» Task brief
Only the lines below between the ones containing "Sexy Superhero Hot" and "Sommermusik in Tingsås kyrka in Tingsryd", inclusive, are to be reproduced, each exactly as it stands.

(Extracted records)
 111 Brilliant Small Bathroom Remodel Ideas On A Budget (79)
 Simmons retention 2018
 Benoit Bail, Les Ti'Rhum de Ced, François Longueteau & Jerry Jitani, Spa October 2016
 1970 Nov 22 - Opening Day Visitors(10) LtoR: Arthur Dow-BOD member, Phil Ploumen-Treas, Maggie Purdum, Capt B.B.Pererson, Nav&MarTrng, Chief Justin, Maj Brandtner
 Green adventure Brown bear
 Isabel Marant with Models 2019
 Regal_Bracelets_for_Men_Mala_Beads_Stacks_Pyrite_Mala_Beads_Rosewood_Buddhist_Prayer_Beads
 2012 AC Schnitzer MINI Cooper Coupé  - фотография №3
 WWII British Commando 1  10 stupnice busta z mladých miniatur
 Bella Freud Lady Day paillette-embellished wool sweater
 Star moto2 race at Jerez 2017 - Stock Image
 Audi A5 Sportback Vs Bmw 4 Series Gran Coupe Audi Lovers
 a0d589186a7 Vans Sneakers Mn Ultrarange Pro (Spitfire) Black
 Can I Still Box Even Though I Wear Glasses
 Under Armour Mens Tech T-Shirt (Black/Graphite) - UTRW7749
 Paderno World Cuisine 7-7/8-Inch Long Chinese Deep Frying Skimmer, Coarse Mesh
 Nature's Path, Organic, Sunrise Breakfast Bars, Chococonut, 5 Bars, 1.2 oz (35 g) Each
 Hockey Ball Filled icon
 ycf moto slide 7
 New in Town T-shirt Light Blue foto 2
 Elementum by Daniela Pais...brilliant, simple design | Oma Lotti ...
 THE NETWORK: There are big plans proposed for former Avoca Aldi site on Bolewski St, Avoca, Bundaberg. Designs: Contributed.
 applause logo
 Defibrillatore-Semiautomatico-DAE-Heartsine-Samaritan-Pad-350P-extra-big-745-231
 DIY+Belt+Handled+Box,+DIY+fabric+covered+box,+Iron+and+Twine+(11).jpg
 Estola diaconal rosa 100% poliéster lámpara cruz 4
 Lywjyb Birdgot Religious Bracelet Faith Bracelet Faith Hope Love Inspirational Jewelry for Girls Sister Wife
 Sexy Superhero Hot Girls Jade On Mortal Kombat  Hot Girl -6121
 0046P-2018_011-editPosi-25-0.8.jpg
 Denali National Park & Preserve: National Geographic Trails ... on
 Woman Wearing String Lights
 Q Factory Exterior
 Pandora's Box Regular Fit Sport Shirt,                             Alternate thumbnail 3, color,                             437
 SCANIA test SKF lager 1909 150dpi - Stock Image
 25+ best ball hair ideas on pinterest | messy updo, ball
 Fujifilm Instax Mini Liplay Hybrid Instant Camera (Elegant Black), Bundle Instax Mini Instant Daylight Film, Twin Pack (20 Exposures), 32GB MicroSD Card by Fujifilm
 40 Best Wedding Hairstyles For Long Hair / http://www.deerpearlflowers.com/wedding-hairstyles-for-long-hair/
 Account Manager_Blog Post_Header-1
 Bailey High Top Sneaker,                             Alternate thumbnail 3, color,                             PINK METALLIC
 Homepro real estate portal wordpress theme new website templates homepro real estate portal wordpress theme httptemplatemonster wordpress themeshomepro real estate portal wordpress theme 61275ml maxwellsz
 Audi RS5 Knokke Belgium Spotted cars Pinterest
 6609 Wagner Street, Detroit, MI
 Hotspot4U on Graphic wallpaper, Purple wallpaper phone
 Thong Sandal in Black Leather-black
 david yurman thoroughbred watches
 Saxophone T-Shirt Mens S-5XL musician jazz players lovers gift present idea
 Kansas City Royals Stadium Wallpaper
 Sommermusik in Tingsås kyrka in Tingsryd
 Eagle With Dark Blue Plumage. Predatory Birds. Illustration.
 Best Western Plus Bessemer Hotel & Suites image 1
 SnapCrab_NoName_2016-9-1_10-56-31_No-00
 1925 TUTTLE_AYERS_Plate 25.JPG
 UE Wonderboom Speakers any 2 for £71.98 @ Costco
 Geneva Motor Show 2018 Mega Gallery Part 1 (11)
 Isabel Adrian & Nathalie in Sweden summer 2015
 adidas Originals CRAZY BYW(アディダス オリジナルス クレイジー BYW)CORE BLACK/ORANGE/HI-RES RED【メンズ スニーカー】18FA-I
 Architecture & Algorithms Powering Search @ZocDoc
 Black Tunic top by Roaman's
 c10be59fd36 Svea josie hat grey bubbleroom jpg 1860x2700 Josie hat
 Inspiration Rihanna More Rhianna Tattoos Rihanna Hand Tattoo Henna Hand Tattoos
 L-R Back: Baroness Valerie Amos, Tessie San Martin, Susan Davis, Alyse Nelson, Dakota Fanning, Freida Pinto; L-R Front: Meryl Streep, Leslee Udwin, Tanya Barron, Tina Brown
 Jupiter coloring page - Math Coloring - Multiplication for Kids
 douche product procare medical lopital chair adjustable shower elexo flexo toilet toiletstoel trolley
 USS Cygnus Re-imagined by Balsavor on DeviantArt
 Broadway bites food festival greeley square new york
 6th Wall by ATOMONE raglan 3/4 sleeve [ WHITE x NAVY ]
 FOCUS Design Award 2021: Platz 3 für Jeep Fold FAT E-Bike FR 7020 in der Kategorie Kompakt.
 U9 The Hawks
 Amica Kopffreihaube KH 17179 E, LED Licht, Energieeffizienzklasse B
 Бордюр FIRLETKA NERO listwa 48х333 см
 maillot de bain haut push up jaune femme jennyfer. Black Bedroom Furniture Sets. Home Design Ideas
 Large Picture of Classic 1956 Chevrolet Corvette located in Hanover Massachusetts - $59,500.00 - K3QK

» Your response
 Sexy Superhero Hot Girls Jade On Mortal Kombat  Hot Girl -6121
 0046P-2018_011-editPosi-25-0.8.jpg
 Denali National Park & Preserve: National Geographic Trails ... on
 Woman Wearing String Lights
 Q Factory Exterior
 Pandora's Box Regular Fit Sport Shirt,                             Alternate thumbnail 3, color,                             437
 SCANIA test SKF lager 1909 150dpi - Stock Image
 25+ best ball hair ideas on pinterest | messy updo, ball
 Fujifilm Instax Mini Liplay Hybrid Instant Camera (Elegant Black), Bundle Instax Mini Instant Daylight Film, Twin Pack (20 Exposures), 32GB MicroSD Card by Fujifilm
 40 Best Wedding Hairstyles For Long Hair / http://www.deerpearlflowers.com/wedding-hairstyles-for-long-hair/
 Account Manager_Blog Post_Header-1
 Bailey High Top Sneaker,                             Alternate thumbnail 3, color,                             PINK METALLIC
 Homepro real estate portal wordpress theme new website templates homepro real estate portal wordpress theme httptemplatemonster wordpress themeshomepro real estate portal wordpress theme 61275ml maxwellsz
 Audi RS5 Knokke Belgium Spotted cars Pinterest
 6609 Wagner Street, Detroit, MI
 Hotspot4U on Graphic wallpaper, Purple wallpaper phone
 Thong Sandal in Black Leather-black
 david yurman thoroughbred watches
 Saxophone T-Shirt Mens S-5XL musician jazz players lovers gift present idea
 Kansas City Royals Stadium Wallpaper
 Sommermusik in Tingsås kyrka in Tingsryd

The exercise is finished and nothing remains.